__WHAT YOU NEED TO DO__: The expected output is an exact copy of the lines from the one containing "Japanse zeevruchtensushi, broodje" to the final line below, minus any pictures.

__EXERCISE DATA__:
::::

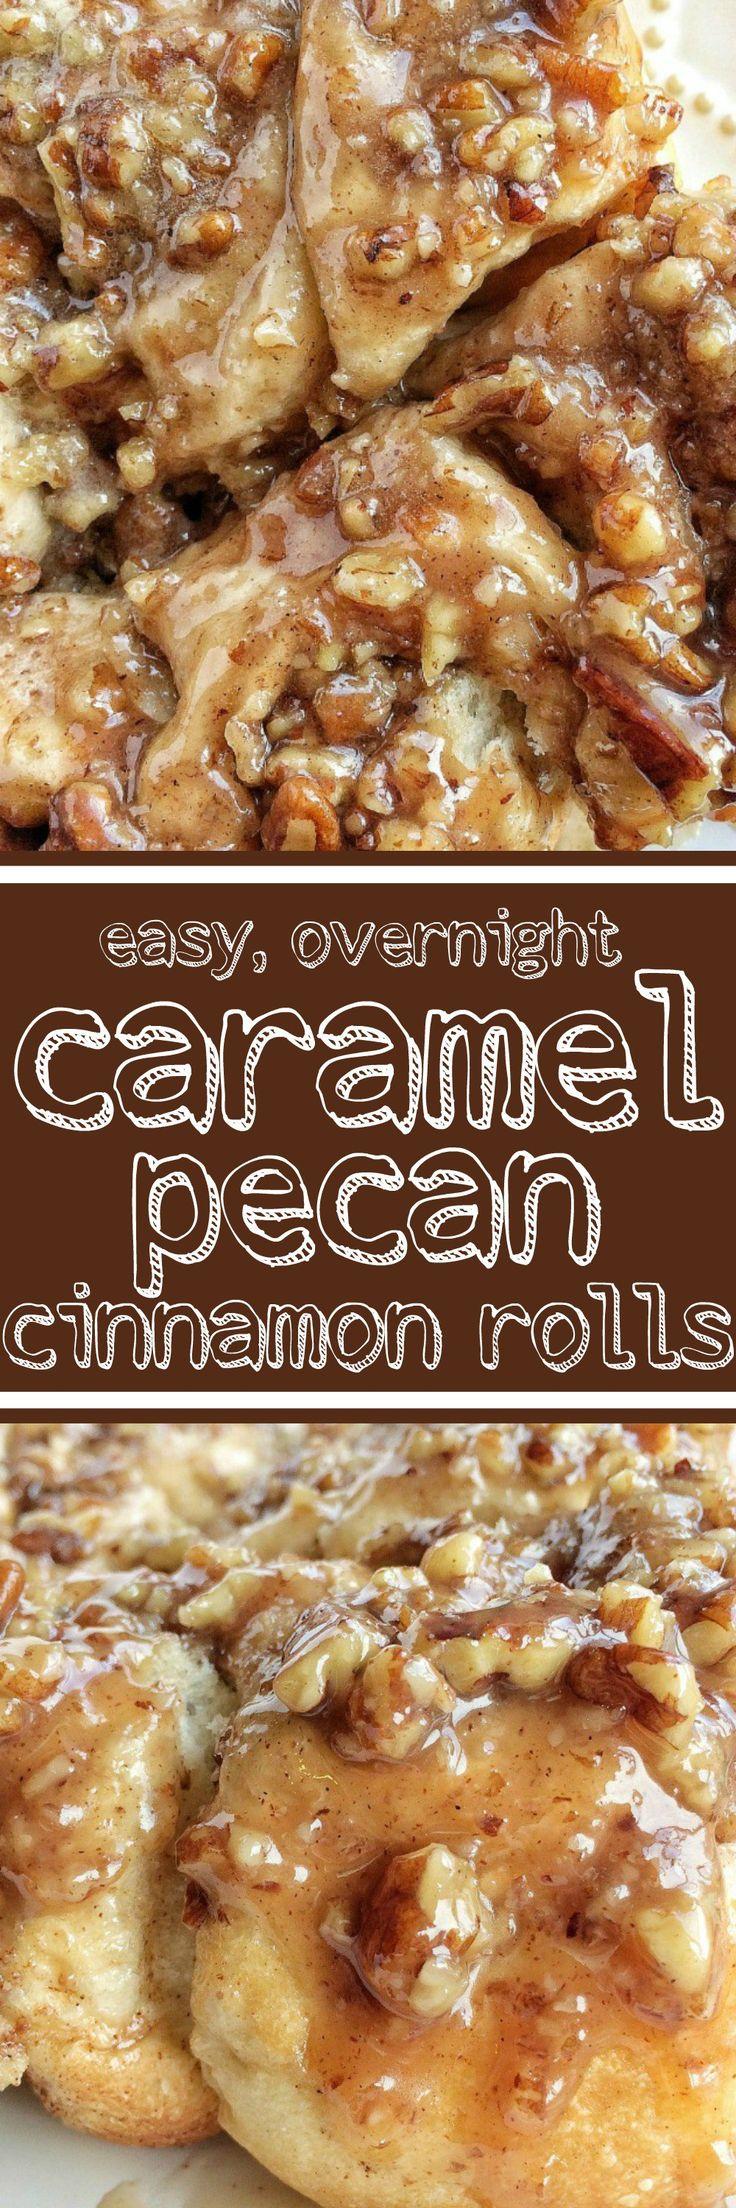 Overnight Caramel Pecan Cinnamon Rolls | Breakfast | Cinnamon Rolls | Easy Cinnamon Rolls | Christmas Breakfast | Breakfast | Easy | No Yeast | www.togetherasfamily.com #cinnamonrollrecipes #cinnamonrolls #christmasbreakfast #noyeastcinnamonrolls #easyrecipes
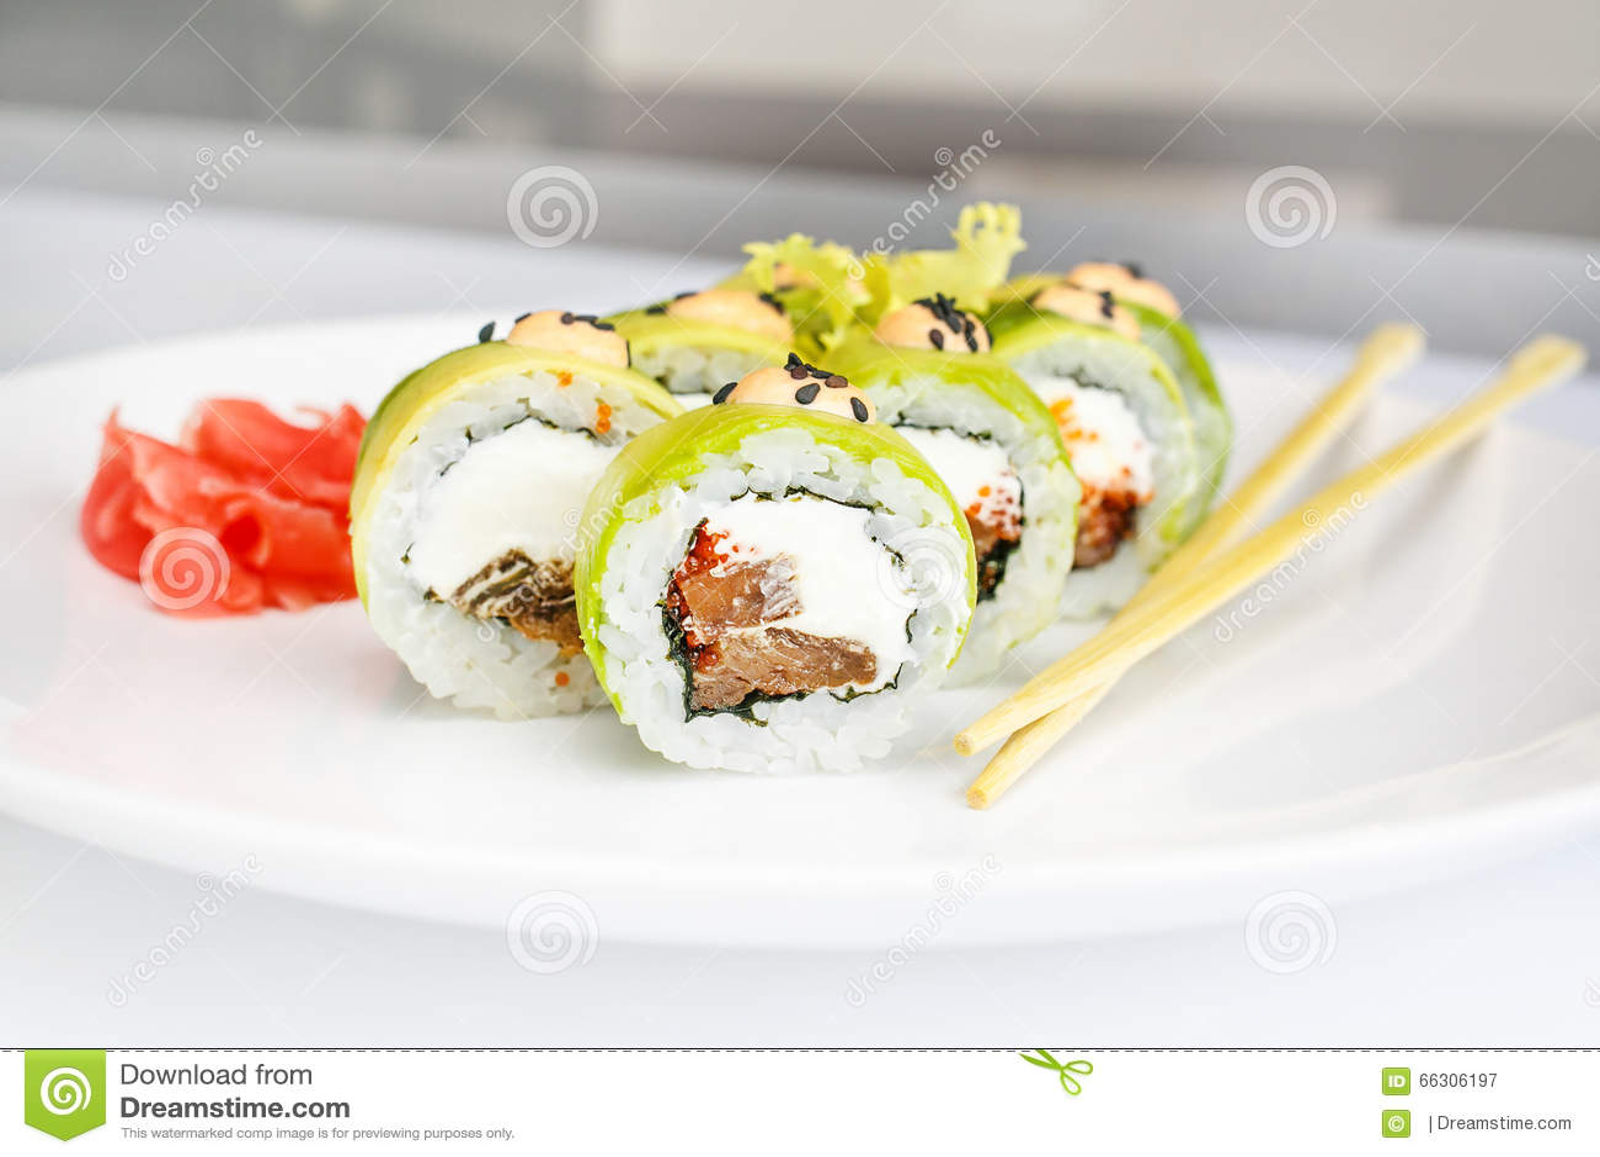 Japanse zeevruchtensushi, broodje en eetstokje op een witte plaat
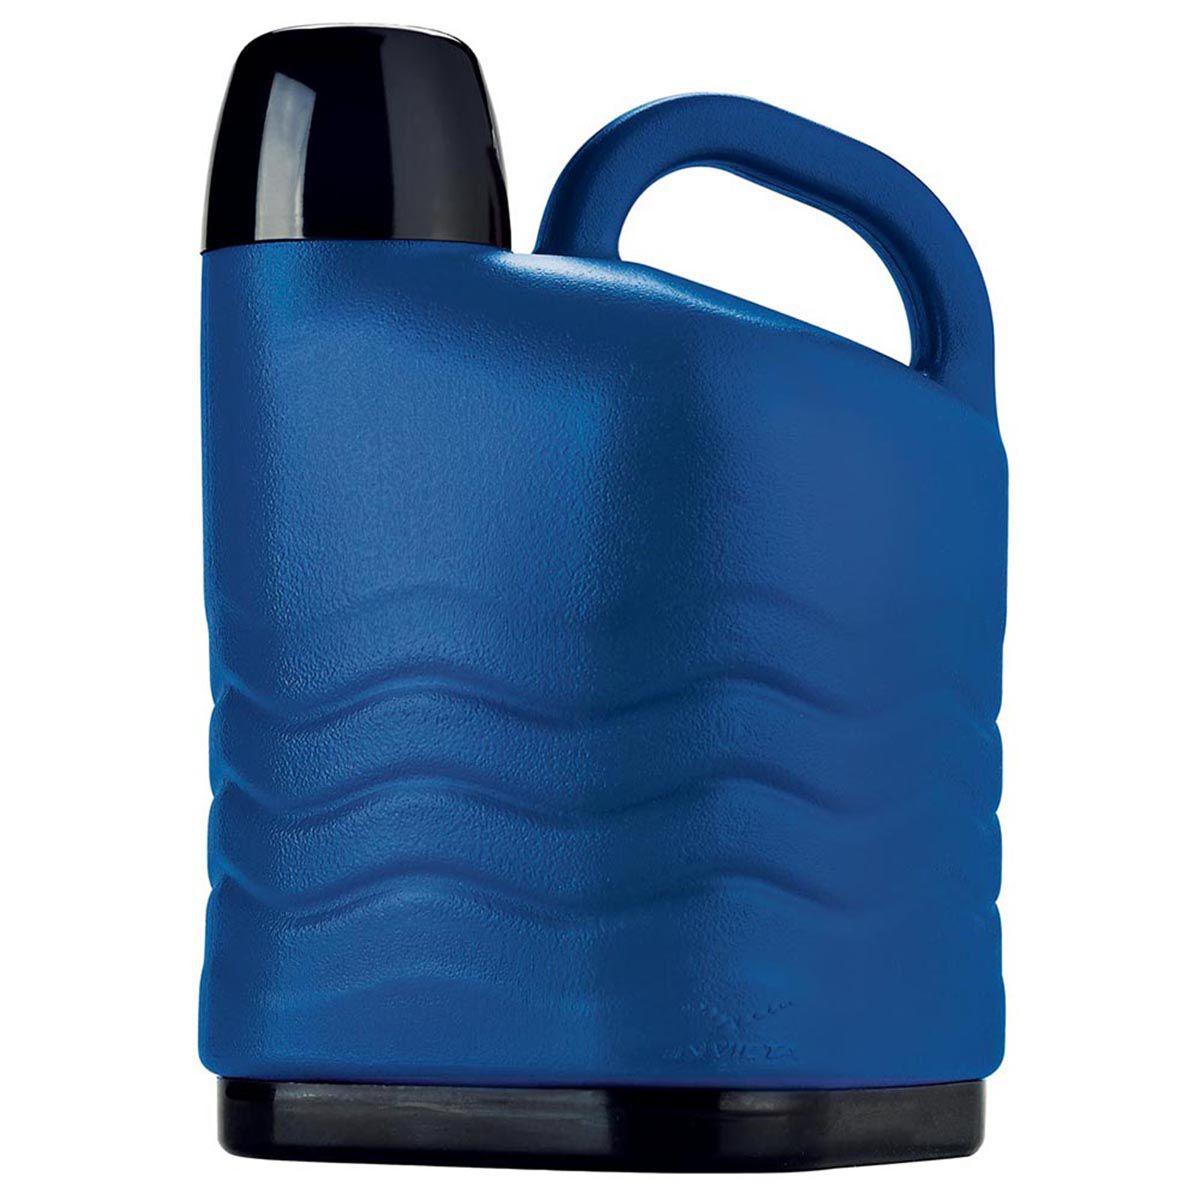 Garrafa Térmica  5 Litros Azul - Invicta  - AVENTÚ

::::

__EXPECTED OUTPUT__:
 Japanse zeevruchtensushi, broodje en eetstokje op een witte plaat
 Garrafa Térmica  5 Litros Azul - Invicta  - AVENTÚ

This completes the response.